Problem: Start to finish, print the data below exactly, without the images.

Data extract:
____________

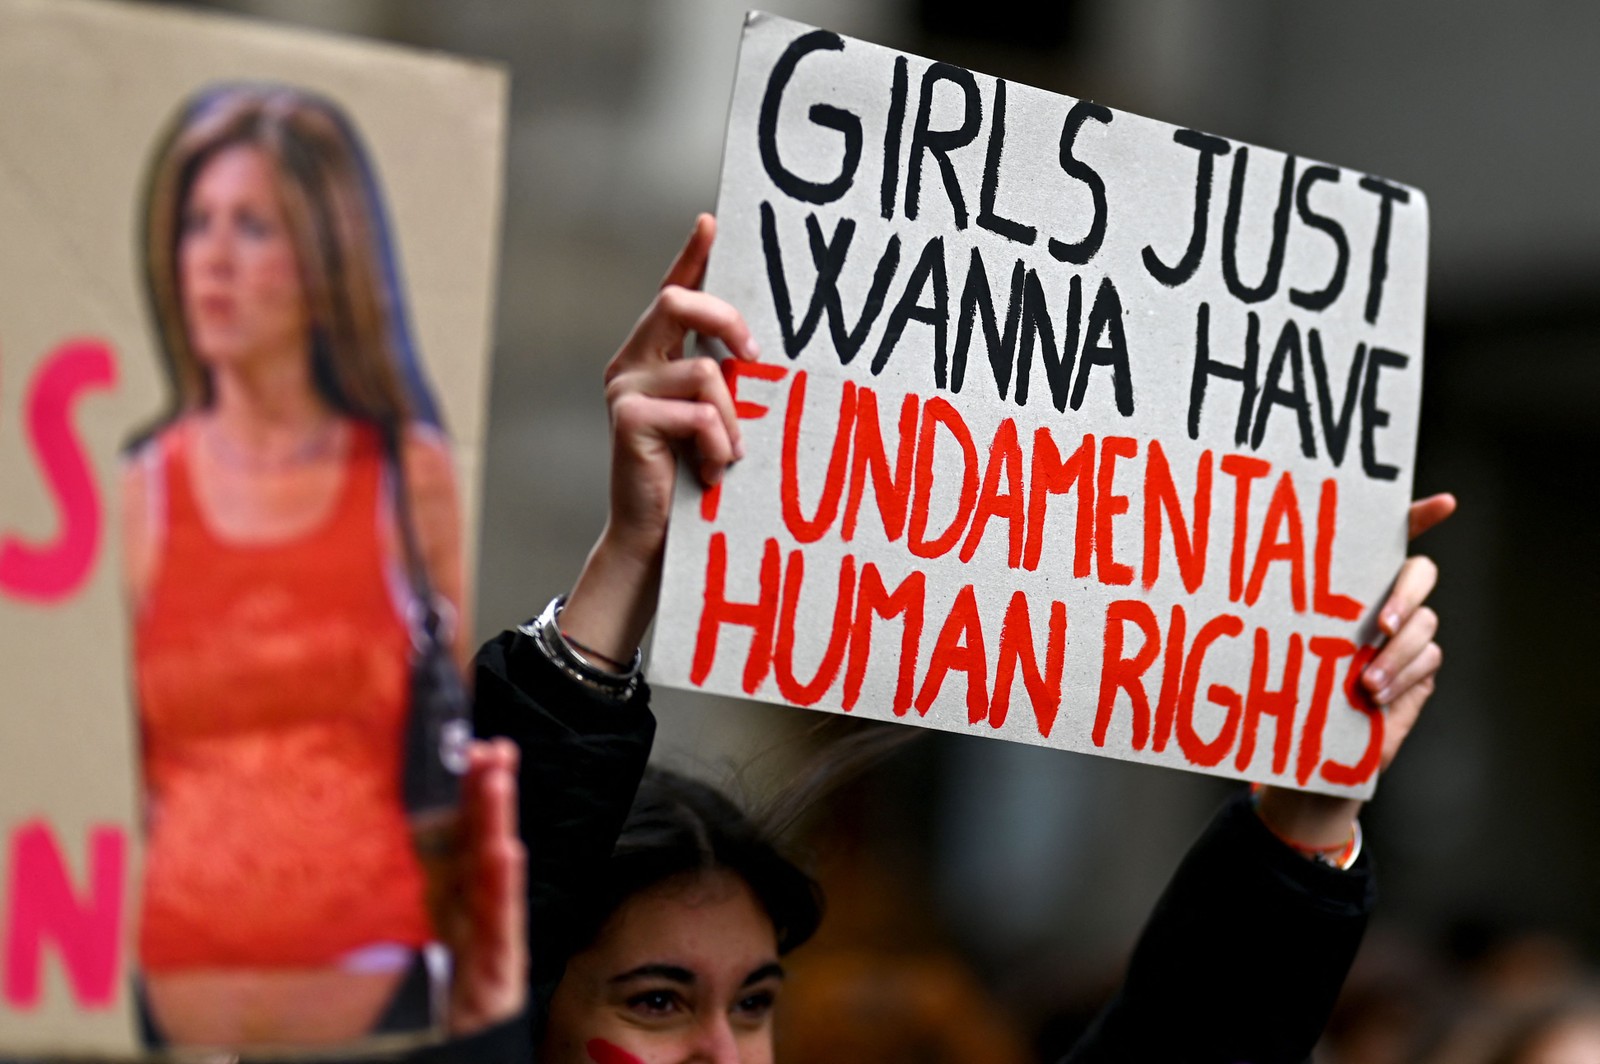 Referenciando a icônica música da cantora Cyndi Lauper, uma manifestante segura o cartaz: "Girls just wanna have fun(damental human rights" (Garotas só querem ter direitos humanos básicos) em Milão, Itália — Foto: GABRIEL BOUYS
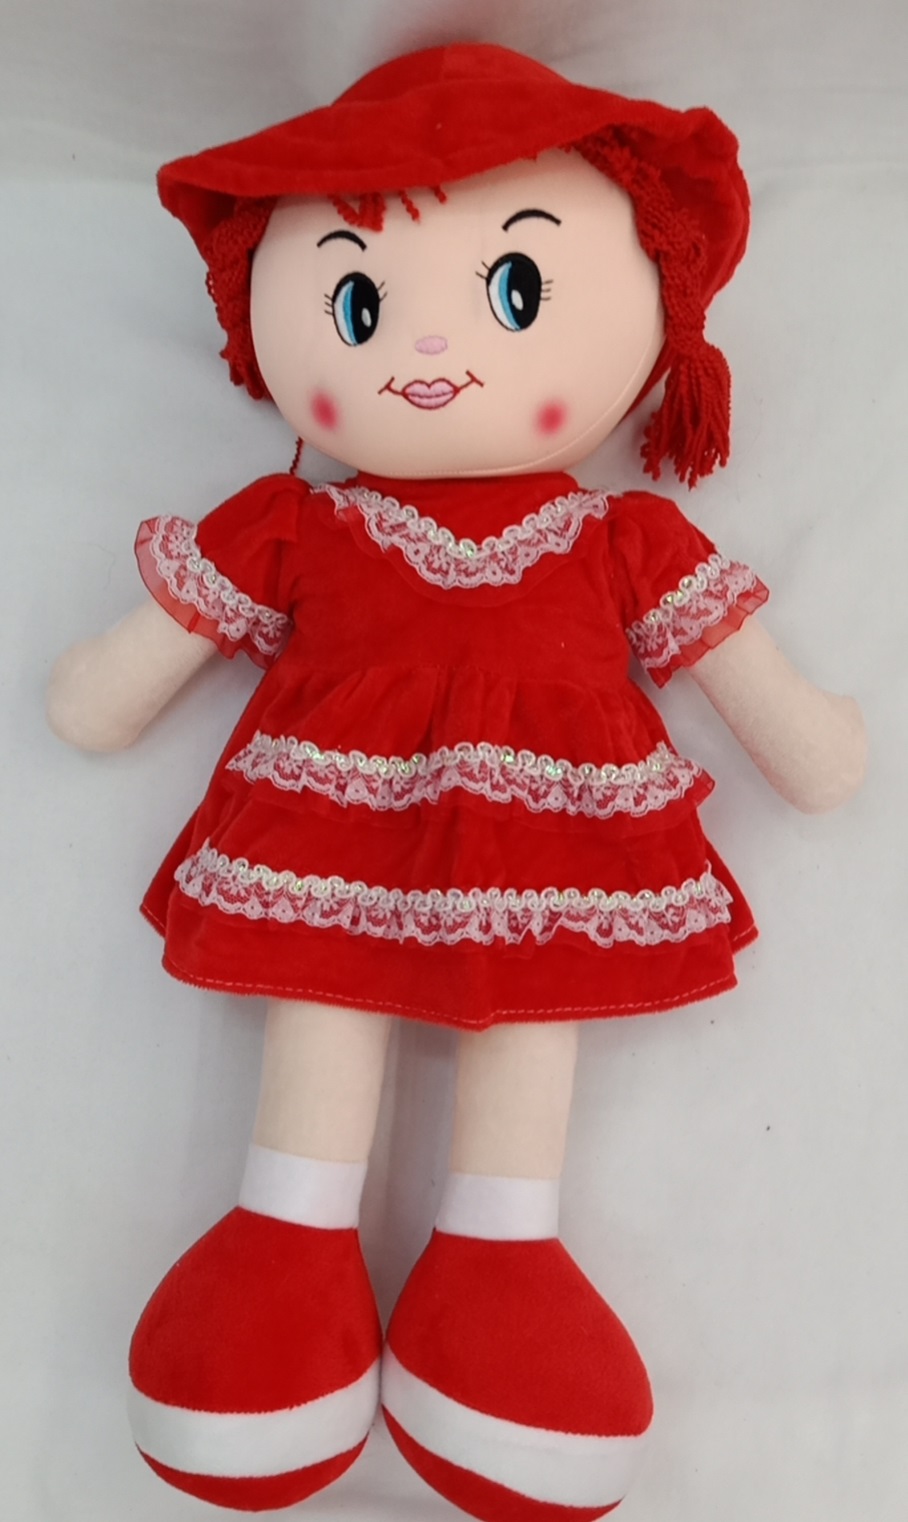 可爱布娃娃毛绒玩具公仔女孩儿童创意生日礼物洋娃娃
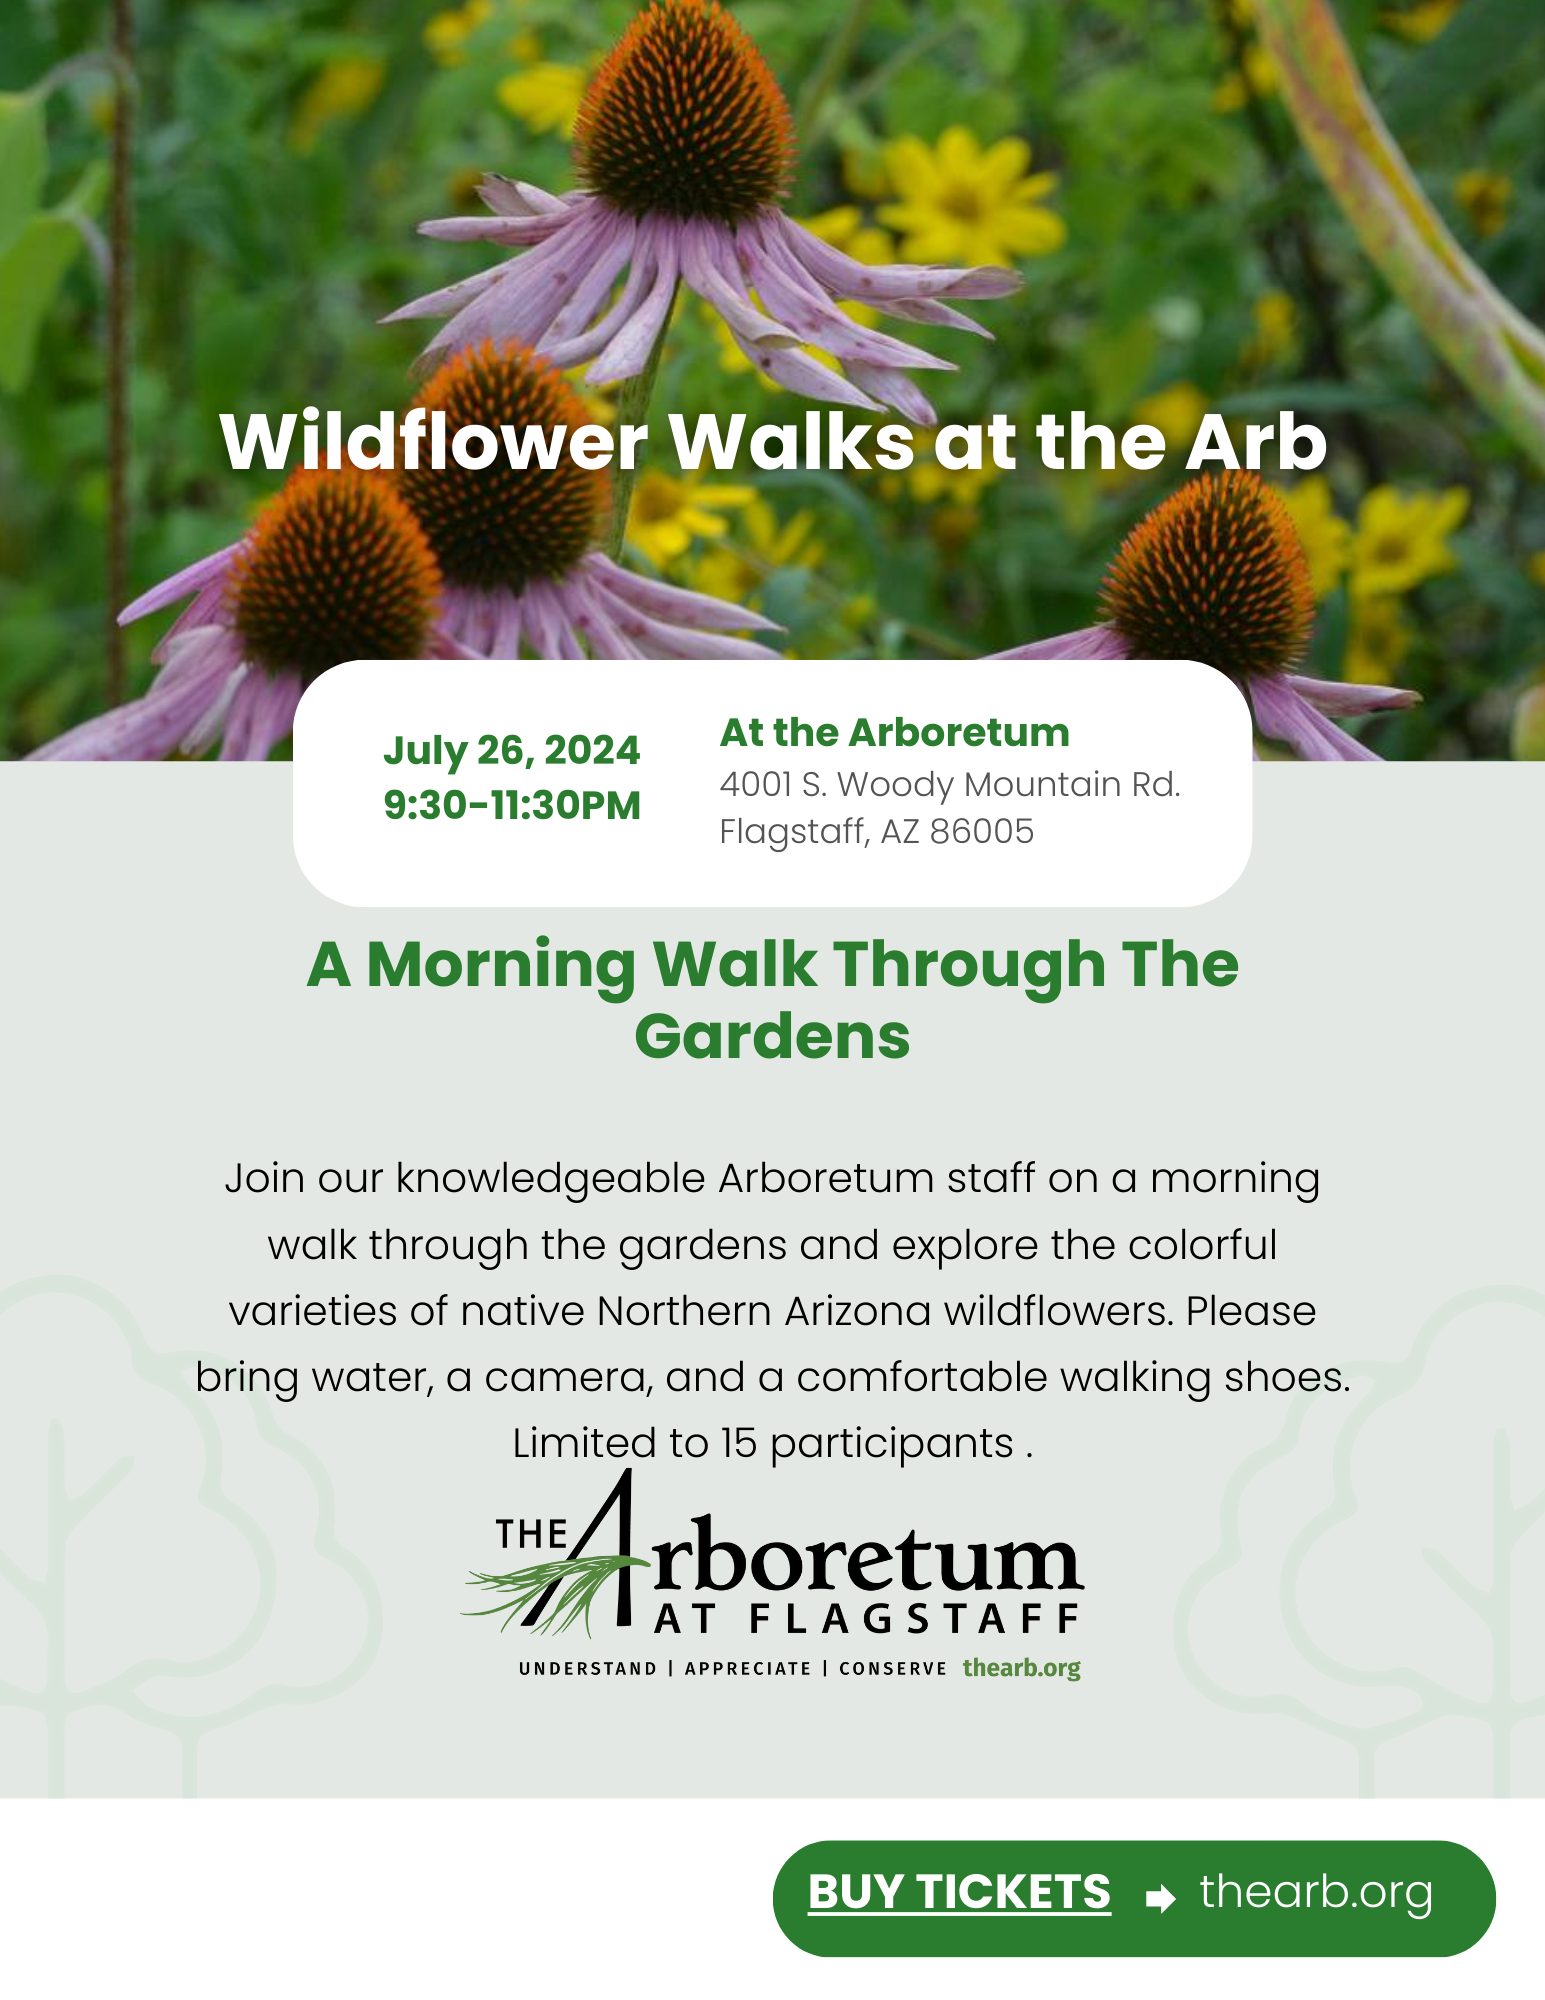 Wildflower Walk 7/26/24

____________

Solution for this problem:
 Referenciando a icônica música da cantora Cyndi Lauper, uma manifestante segura o cartaz: "Girls just wanna have fun(damental human rights" (Garotas só querem ter direitos humanos básicos) em Milão, Itália — Foto: GABRIEL BOUYS
 可爱布娃娃毛绒玩具公仔女孩儿童创意生日礼物洋娃娃
 Wildflower Walk 7/26/24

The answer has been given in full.